As well as developing a clearer framework for the treasury function, Heywood has encouraged the team to collaborate and experience other areas within treasury. As a result, a cohesive team has developed, clear about its purpose and effective at what it does.

Here, she explains the rationale behind the changes – then her team members outline the parts they have played in this exciting new era.

Tell me about your move to Tesco, your brief as group treasurer.

I’d spent a lot of time at my previous company and I was ready for a new challenge.

If I think about coming into Tesco, there was the scale and complexity of the business, and an opportunity to develop my leadership with a larger team than I had had previously.

Significantly, one of the strategic objectives of the business was to strengthen the balance sheet, which to me put treasury at the front and centre of the strategy. All that was pretty compelling.

Was reconfiguring the team part of your vision for the new role?

Not initially. I remember thinking that the team structure didn’t make sense, but without properly understanding what everyone did.

The team was looking at options for balance-sheet management; in the middle of a treasury transformation and systems implementation, which was six months in when I arrived, and at the same time trying to reset the group’s risk management policy.

What I found was that we had a strong group of people, but that as a team they needed some focus. There had been a gap in treasurers, and they lacked leadership.

So we parked some projects; we dropped some other tasks; and we pointed ourselves in a united direction, to focus on balance-sheet deleveraging, risk management and treasury systems implementation.

Thinking about the team structure took a bit longer. My initial task was to understand the role of each member of the team, and how its structure worked as a whole.

It wasn’t a very tight, tidy structure, and I felt that our end-to-end treasury transformation should include a rethink of how we worked across the team.

What came next?

We went through a gradual reorganisation of the team, leveraging process changes delivered by the new TMS that went live in March 2018, and that allowed us to work with our support team in India more effectively as well as our international operating businesses.

The new TMS provided new capability in commodity risk management as well as a revamped global reporting suite.
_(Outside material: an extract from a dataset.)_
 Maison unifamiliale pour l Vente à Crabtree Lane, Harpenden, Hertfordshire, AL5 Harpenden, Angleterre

At the same time, we started on a two-year journey that has seen us use the cash generated out of the business turnaround to reduce our debt by £4bn, both at maturity and by carrying out debt-liability management exercises, saving nearly £100m in annualised interest.

We were rewarded by one of the agencies upgrading us to investment grade (IG) and another putting us on a positive outlook. Our bond issuance in October last year, the first in four years, was oversubscribed and priced comparably with our IG peers.
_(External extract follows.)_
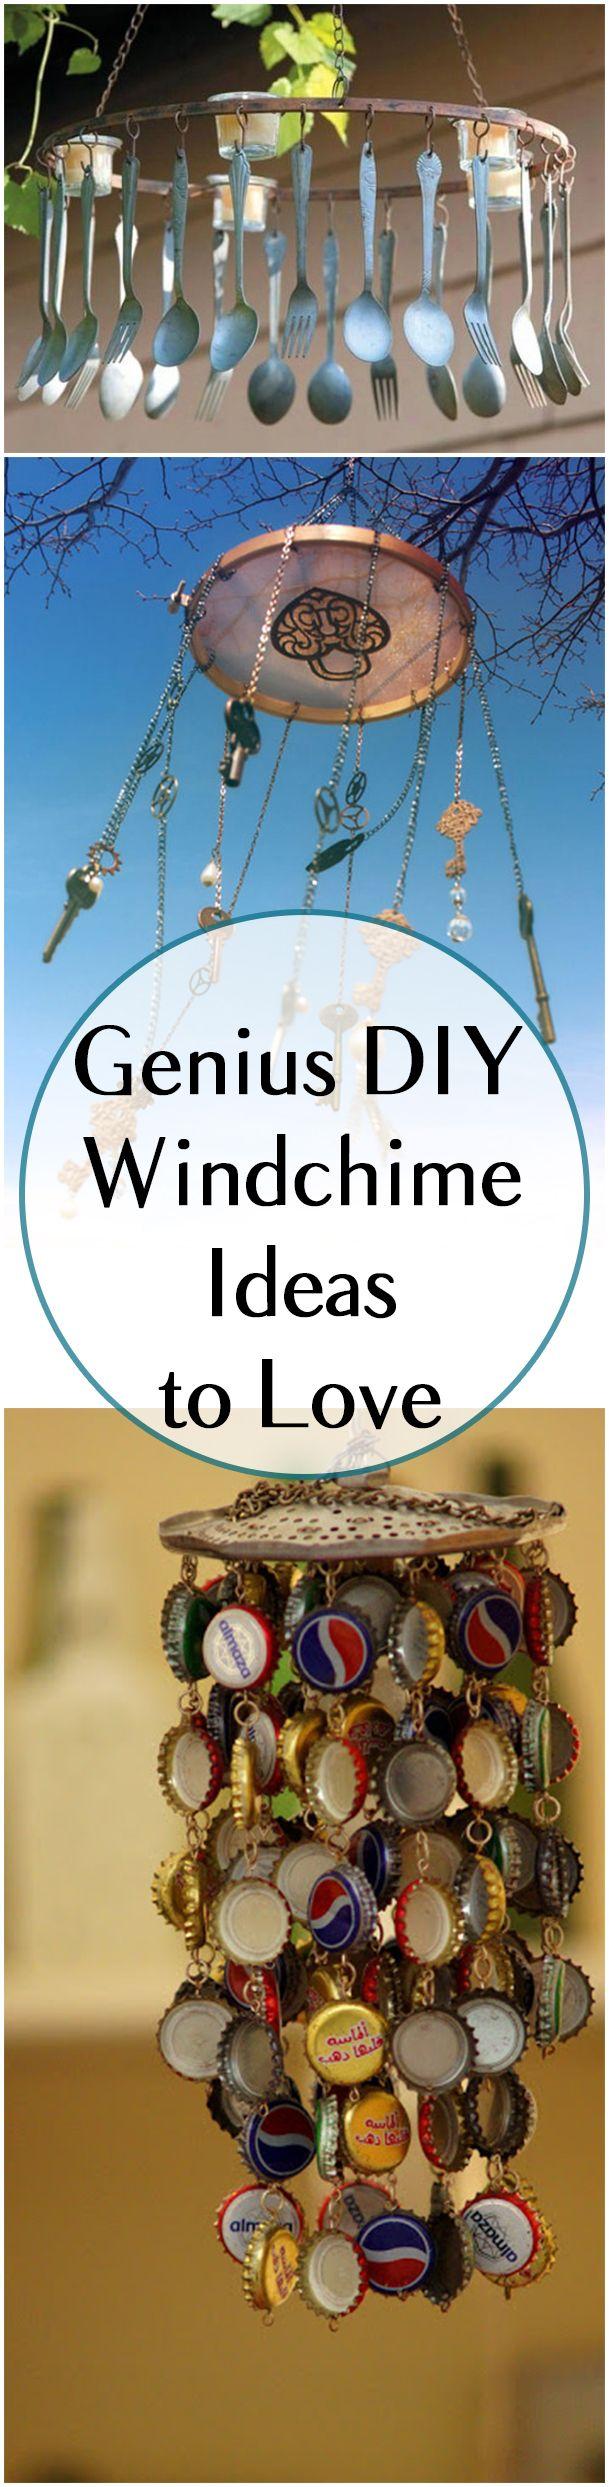 Homemade garden art ideas - Diy Wind Chime Ideas To Love

Why do you think you won the award?

I think it was a culmination of all that activity.

We’ve achieved a great deal, and our journey has showcased the breadth of what a treasury function does in that we’ve worked on some really strategic areas on balance-sheet shaping, debt-portfolio management and risk management alongside detailed operational areas, such as how we process transactions, use our systems and optimise store receipts.

And all achieved within the governance framework of our treasury policy.

In addition, we’ve developed as a team to become truly cross-functional and work in partnership with other finance teams and the wider business.

We’ve worked really hard on those elements and I’ve become passionate about each of the team having the opportunity to work across the different aspects of the function so each of them can experience the breadth that treasury has to offer and become rounded treasury professionals.

What among your team’s achievements are you most proud of?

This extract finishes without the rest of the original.